Large stovetop griddle
Two automatic cleaning modes
Edge-to-edge burners fit pots and pans of all sizes
Gas line connection point isn’t very generous (may require a plumber to move your valve and hose)
No additional grate to swap out griddle plate
We purchased the GE JGB700SEJSS Gas Range so our reviewer could put it to the test in his kitchen. Keep reading for our full product review.
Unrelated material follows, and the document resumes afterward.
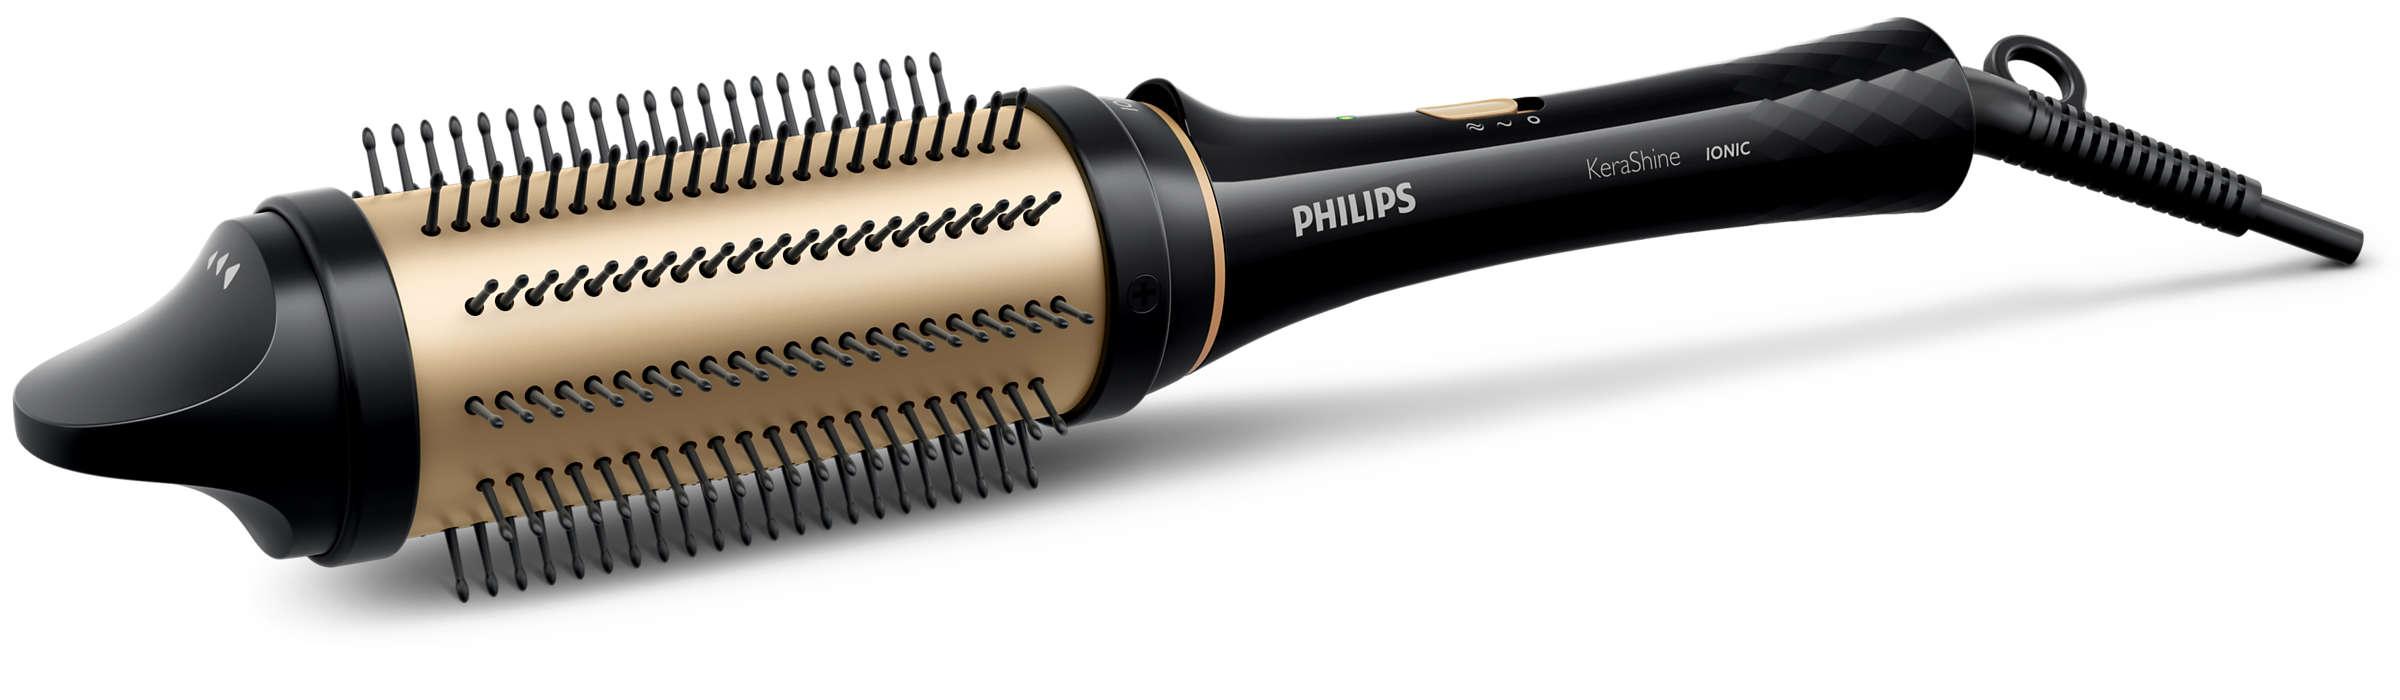 Coafează cu grijă, pentru bucle delicate şi volum

When my wife and I started shopping for our first home, one of the items on our must-have list was a gas range. We love to cook. My wife went to culinary school and while I flail a bit in the kitchen—cooking less by instinct and more by following recipes to the letter—I enjoy the effort (if not always the results). When we finally closed on our home, we did get a gas range—albeit a sub-par model with one burner that didn’t auto-ignite and baseline button controls that made a mystifying sequence of sounds. That’s why we were excited to upgrade to the GE JGB700SEJSS—a self-cleaning model with a sleek, fingerprint-resistant slate exterior. Read on for our assessment of the range’s setup process, design, performance, and competition.
Setup Process: Easy—provided your state (and gas line position) cooperate
Delivery from Home Depot went smoothly, but because we live in Washington, D.C.—where all gas stoves have to (by law) be installed by a certified plumber—installation was a two-step process. Regulations vary by state and most retailers will inform you of all the required steps when you purchase the appliance, but if you purchase the appliance online, be sure to call the retailer and verify the installation process.
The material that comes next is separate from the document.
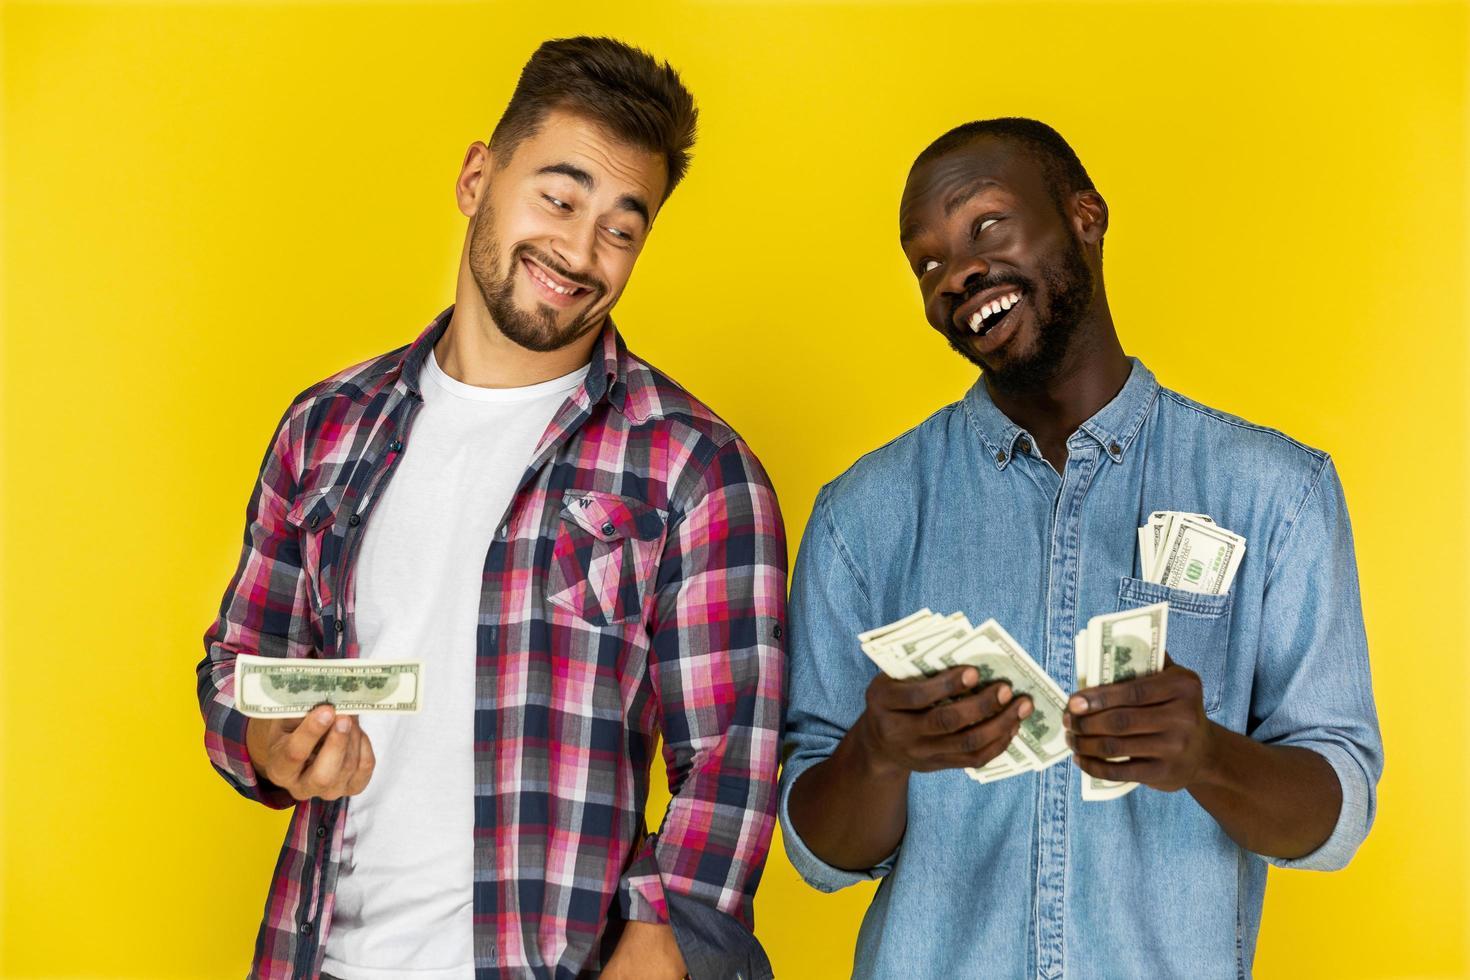 twee mannen met geld foto

Despite the hassle of having to wait an additional three days to have a plumber install our oven, D.C.’s law did benefit us in an unexpected way. When the old range was removed and the gas line exposed, we discovered that the pipe’s position was about a foot off the floor—far higher than most conventional set-ups (just one of the joys of owning a house built in 1920). As a result, the line couldn’t connect to the new stove mounting, which is positioned on the back of the stove about 6 inches off the floor. Luckily, a plumber was there to lower the pipe.
Interestingly, though most retail sites include guides and checklists for installations, none provide measurements for the spacing of your gas connection. I did eventually find this info in the installation manual, but I didn’t know I needed to check that prior to the plumber’s visit. If you have a gas mount that sits more than 8 or so inches off the floor, do your due diligence by either buying a stove to match your gas configuration, or budget the time and money you’ll need to move the pipe.
Other than that time-consuming hiccup, the setup was a breeze. Just make sure you purchase a new gas flex connection kit (existing hook-ups cannot be reused) and ensure you have a standard 110-volt three-pronged outlet and gas shutoff directly behind the oven’s intended spot.
Burner Performance: Brilliant BTUs
The first dish to come off the stovetop was our go-to comfort beverage: Masala chai. For this, we used the Power Boil burner, which sits on the lower left side of the stovetop. This burner pumps out 18,000 BTUs of heat in a bid to get things cooking fast. We also used this burner to rapidly boil two quarts of salted water for pasta and to heat a frying pan to maximum heat to quick-scramble some eggs.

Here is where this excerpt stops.